# Total DCC control..is it worth the time and effort?



## luvadj (Jul 3, 2017)

My latest project on the layout has left me dissatisfied...and I wondered what everyone else felt about it.

The goal was to fully automate the layout with DCC which meant switches and lighting along with loco operation. I found some Lenz LS110's on Ebay and hooked them up with some great connectors called "Power Plugs" from Ideal Industries that I found at home depot. I can plug and unplug them at will to the programming track to adjust dwell time as they're mostly Atlas snap switches.

They work fine but I find it a hassle constantly pushing buttons to access an accessory, then tell the system which switch to operate and then which position I want the switch to be in. It seems much easier to just slide a snap switch and push it once for each switch. So for now I've disconnected the LS110's from the power station.

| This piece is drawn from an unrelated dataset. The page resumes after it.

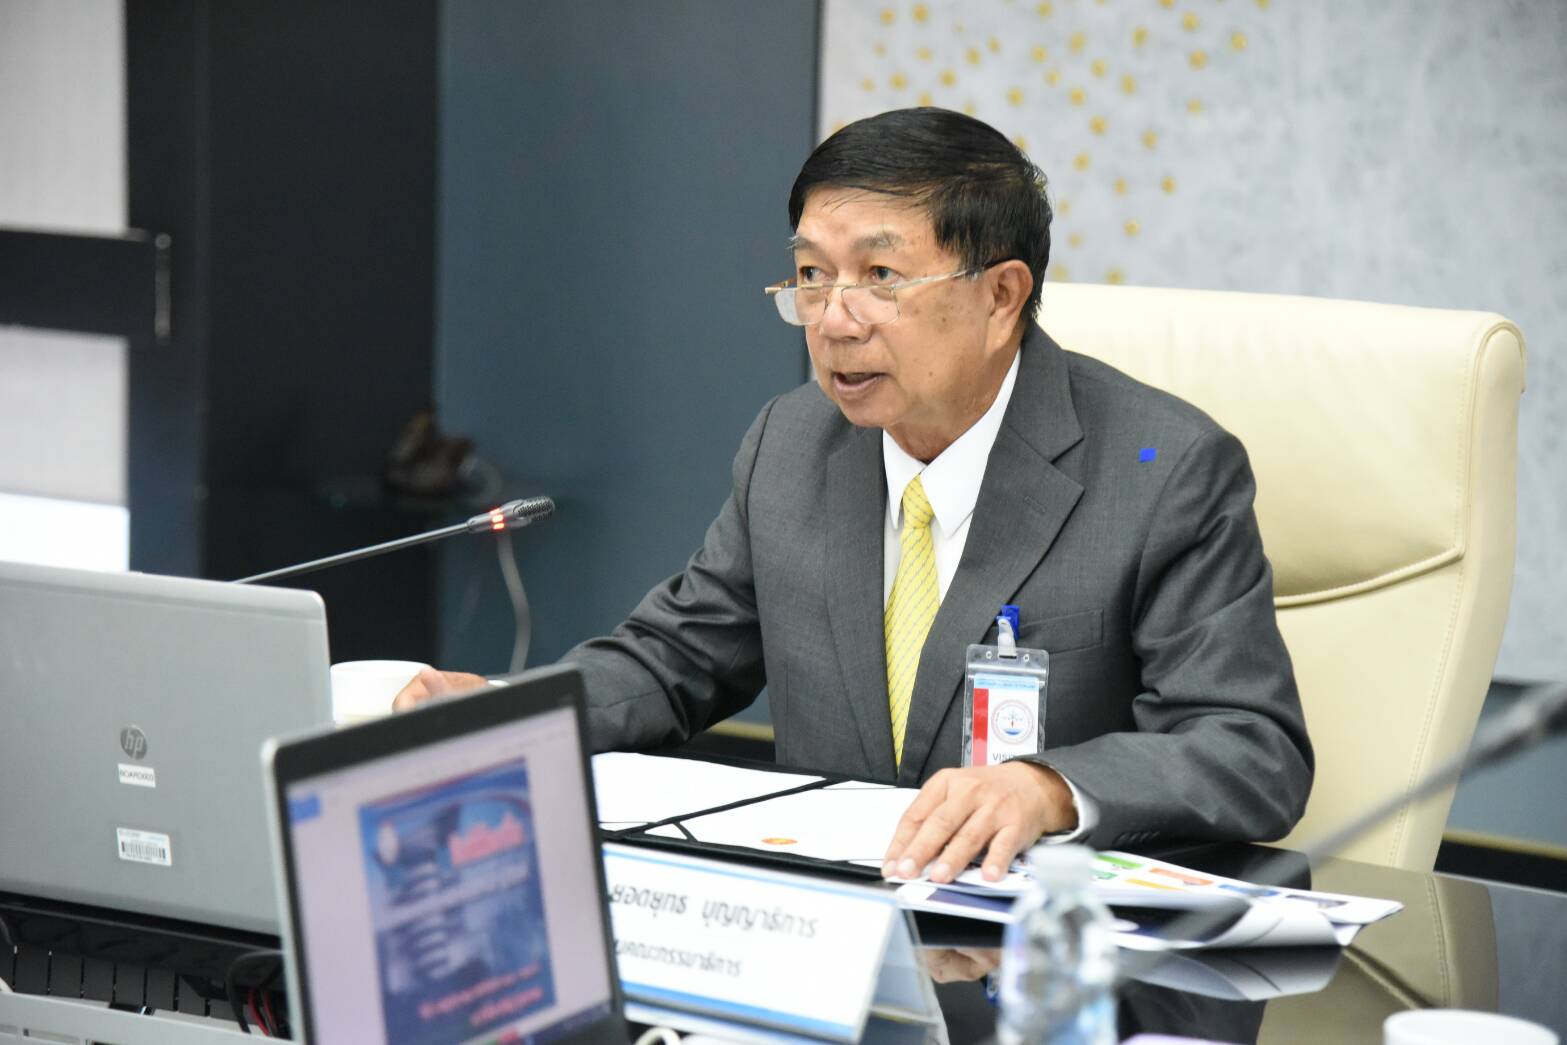 คณะกรรมาธิการการคมนาคม วุฒิสภา เดินทางไปร่วมประชุมหารือแลกเปลี่ยนความคิดเห็นร่วมกับผู้บริหารบริษัท วิทยุการบินแห่งประเทศไทย

Has anyone else tried to fully automate their layout and how do they feel about operating their layouts on nothing but DCC?


----------



## johnfl68 (Feb 1, 2015)

DCC is a tool, and it is up to you to choose how to use that tool.

Some people take it all the way with JMRI controlling everything on the layout, fully automated with time tables, etc.

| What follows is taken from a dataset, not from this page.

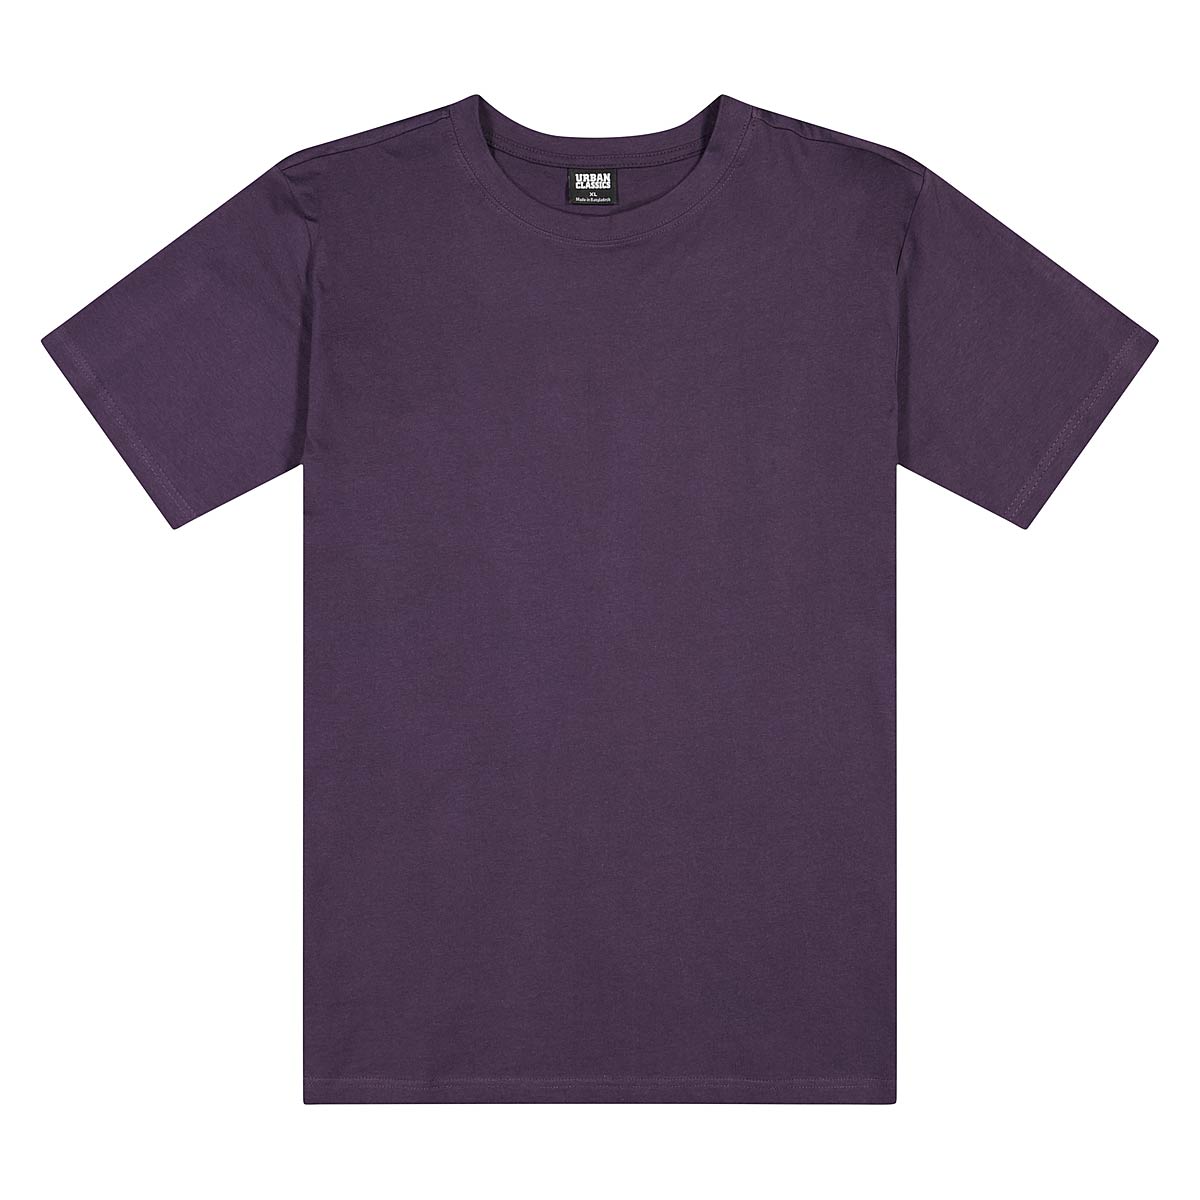 Urban Classics Tall T-Shirt, Purplenight

Some people use DCC to help control things that are in hard to reach places on larger layouts, and use local control for easy to reach things.

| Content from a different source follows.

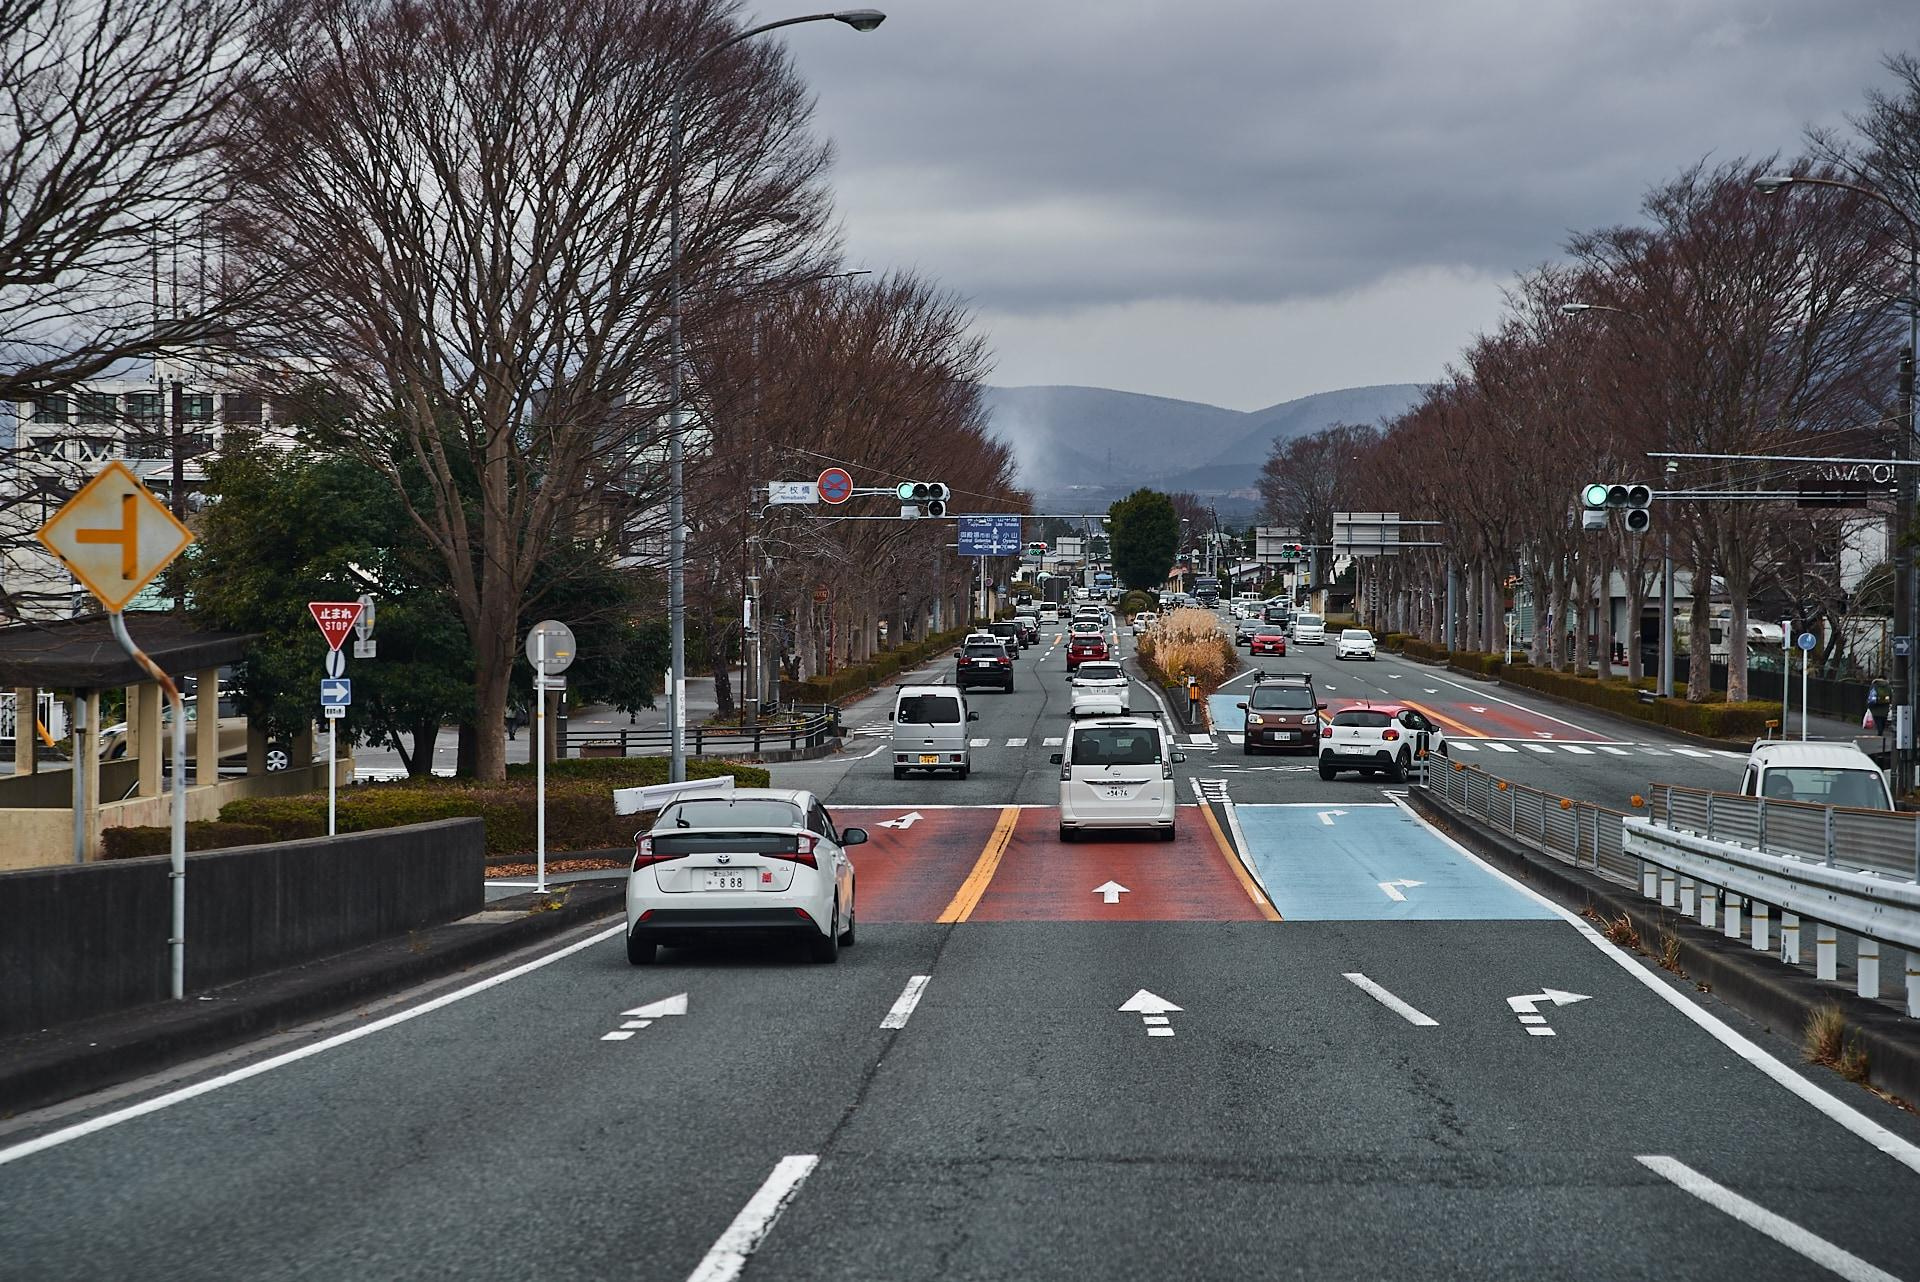 Хоть ехать приходится по неправильной стороне, японские дороги очень хорошо организованы и никаких проблем даже с большим трафиком не возникает

Some people just use DCC for controlling engines.

It's *your* layout. Really it is up to you as to what you do and don't do with DCC. If you are unhappy with it, then do things the way that will make you happy.


----------



## D&J Railroad (Oct 4, 2013)

If you're using Tortoise machines, you can set them up with a SE8C board so you only have one momentary push button next to the turnout (or where ever else you want to put it) and you can also use your DT402 series throttle to control the turnout. The momentary push button is: push once to throw the turnout. Push it again to throw the turnout back the other way.


----------



## CTValleyRR (Jul 26, 2014)

My DCC system is only for control of the locomotives. Turnouts and indicator lights for the turnouts are controlled via separate controllers, push buttons, and servos from Tam Valley Depot.

That's exactly the right level for me, and it was totally worth the (not very much) trouble to set it up.


----------



## D&J Railroad (Oct 4, 2013)

The DS54 is controlled through DCC. The signal control is passed over the loconet. Data from the BDL168 is passed over the loconet.


----------



## DonR (Oct 18, 2012)

Here is a discussion of an automated layout.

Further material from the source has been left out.